GENEVE could perfectly be suitable with a multicast based control plane
to establish ad-hoc tunnels without any centralized involvement.

I was only proposing VXLAN since this multicast group system was part of
the original RFC (supported in Linux since 3.12).

> > >>> - Limited and scoped "flooding" with IGMP/MLD snooping enabled in
> > >>>  top-of-rack switches. Multicast is only used for BUM traffic.
> > >>> - Only one VXLAN output port per implemented logical switch on a given
> > >>>  chassis.
> > >>
> > >> Would this actually work with one VXLAN output port? Would you not need
> > >> one port per target node to send unicast traffic (as you otherwise flood
> > >> all packets to all participating nodes)?
> > >
> > > You would need one VXLAN output port per implemented logical switch on
> > > a given chassis. The port would have a VNI (unique per logical switch)
> > > and an associated multicast IP address. Any chassis that implement this
> > > logical switch would subscribe to that multicast group. The flooding
> > > would be limited to first packets and broadcast/multicast traffic (ARP
> > > requests, mostly). Once the receiver node replies, all communication
> > > will happen with unicast.
> > >
> > > https://networkdirection.net/articles/routingandswitching/vxlanoverview/vxlanaddresslearning/#BUM_Traffic
> > >
> > >>> Cons:
> > >>>
> > >>> - OVS does not support VXLAN address learning yet.
> > >>> - The number of usable multicast groups in a fabric network may be
> > >>>  limited?
> > >>> - How to manage seamless upgrades and interoperability with older OVN
> > >>>  versions?
> > >> - This pushes all logic related to chassis management to the
> > >>  underlying networking fabric. It thereby places additional
> > >>  requirements on the network fabric that have not been here before and
> > >>  that might not be available for all users.
> > >
> > > Are you aware of any fabric that does not support IGMP/MLD snooping?
>
> Have you ever operated a network without having issues with multicast? ;)

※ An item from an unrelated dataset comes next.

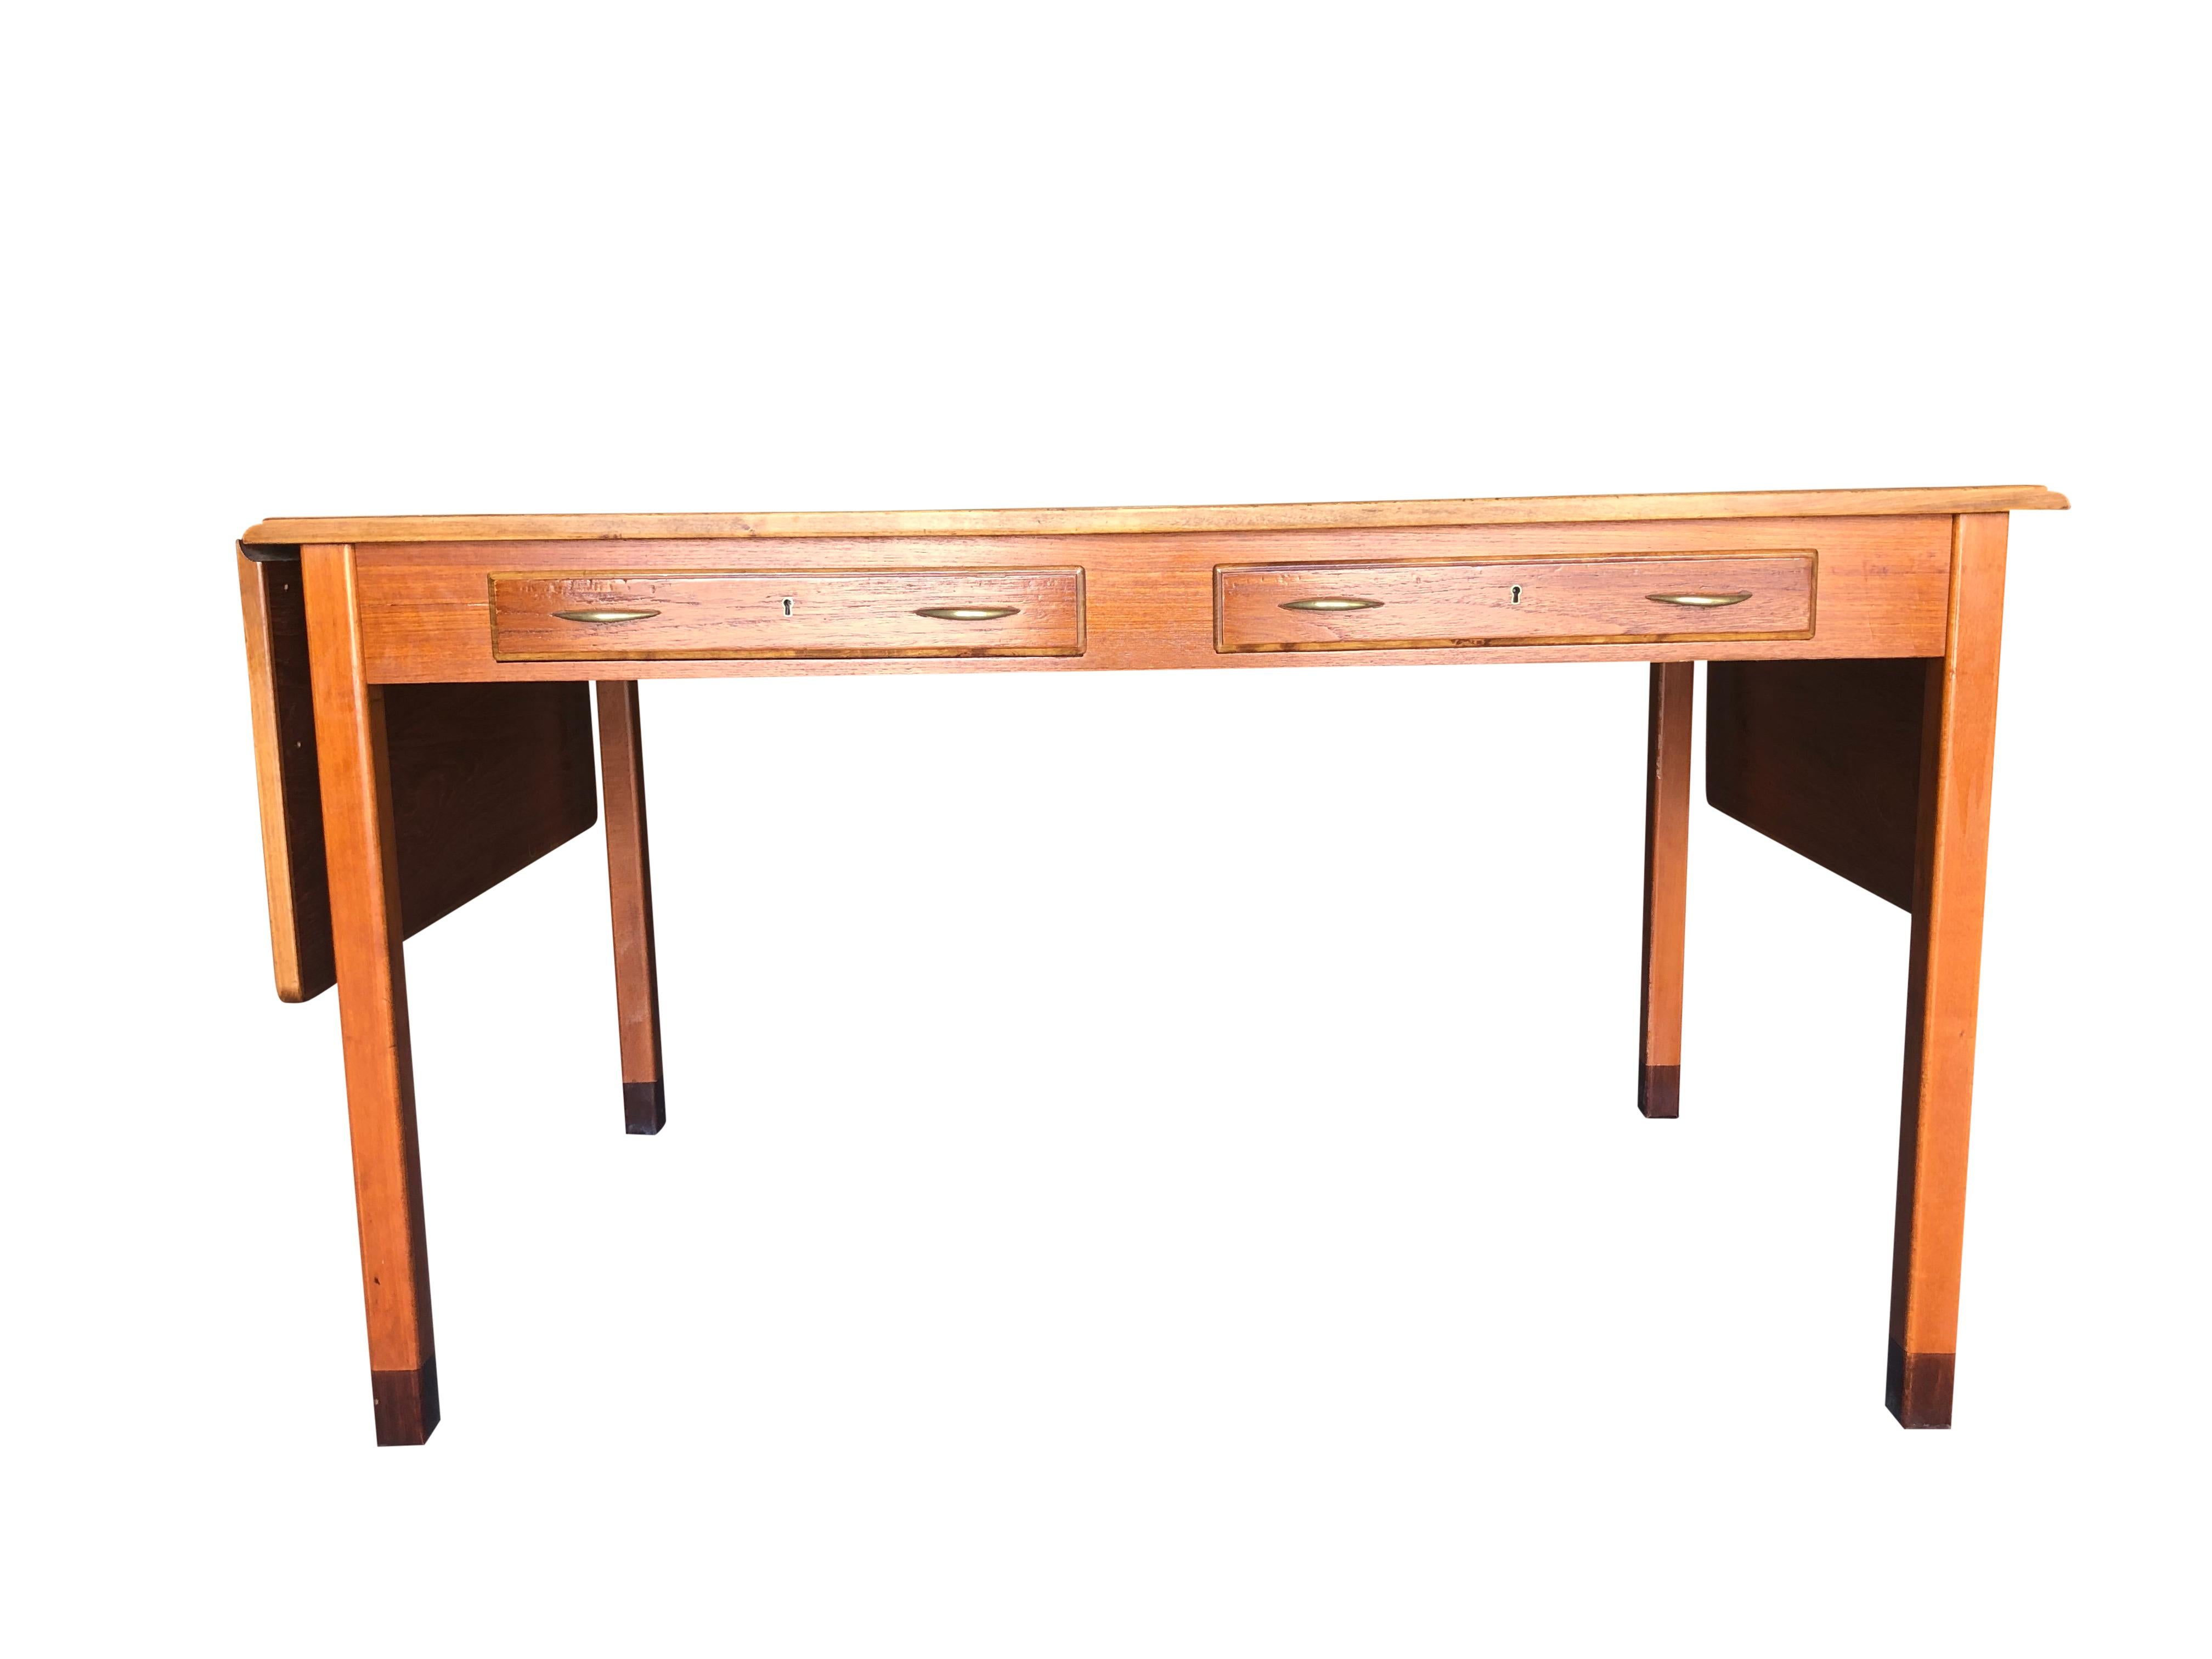 A vintage Mid-Century Modern Swedish writing desk, table or bureau plat designed by David Rosen, produced by Nordiska Kompaniet. This well designed piece of furniture with end extensions is made of hand crafted polished Teakwood, enhanced by brass

I must admit I don't have enough field experience operating large
network fabrics to state what issues multicast can cause with these.
This is why I raised this in the cons list :)

What specific issues did you have in mind?

> > >> - The bfd sessions between chassis are no longer possible thereby
> > >>  preventing fast failover of gateway chassis.
> > >
> > > I don't know what these BFD sessions are used for. But we could imagine
> > > an ad-hoc establishment of them when a tunnel is created.
> > >
> > >> As this idea requires VXLAN and all current limitation would apply to
> > >> this solution as well this is probably no general solution but rather a
> > >> deployment option.
> > >
> > > Yes, for backward compatibility, it would probably need to be opt-in.
>
> Would an alternative be to look at how we can make the existing
> communication infrastructure that OVN provides between the
> ovn-controllers more efficient for this use case? If you think about
> it, could it be used for "multicast" like operation? One of the issues
> with large L2s for OVN today is the population of every known mac
> address in the network to every chassis in the cloud. Would an
> alternative be to:
>
> - Each ovn-controller preprograms only the mac bindings for logical
>   switch ports residing on the hypervisor.
> - When learning of a remote MAC address is necessary, broadcast the
>   request only to tunnel endpoints where we know there are logical
>   switch ports for the same logical switch.
> - Add a local OVSDB instance for ovn-controller to store things such
>   as learned mac addresses instead of using the central DB for this
>   information.

I am afraid that it would complicate even more the current OVN. Why
reimplement existing network stack features in OVN?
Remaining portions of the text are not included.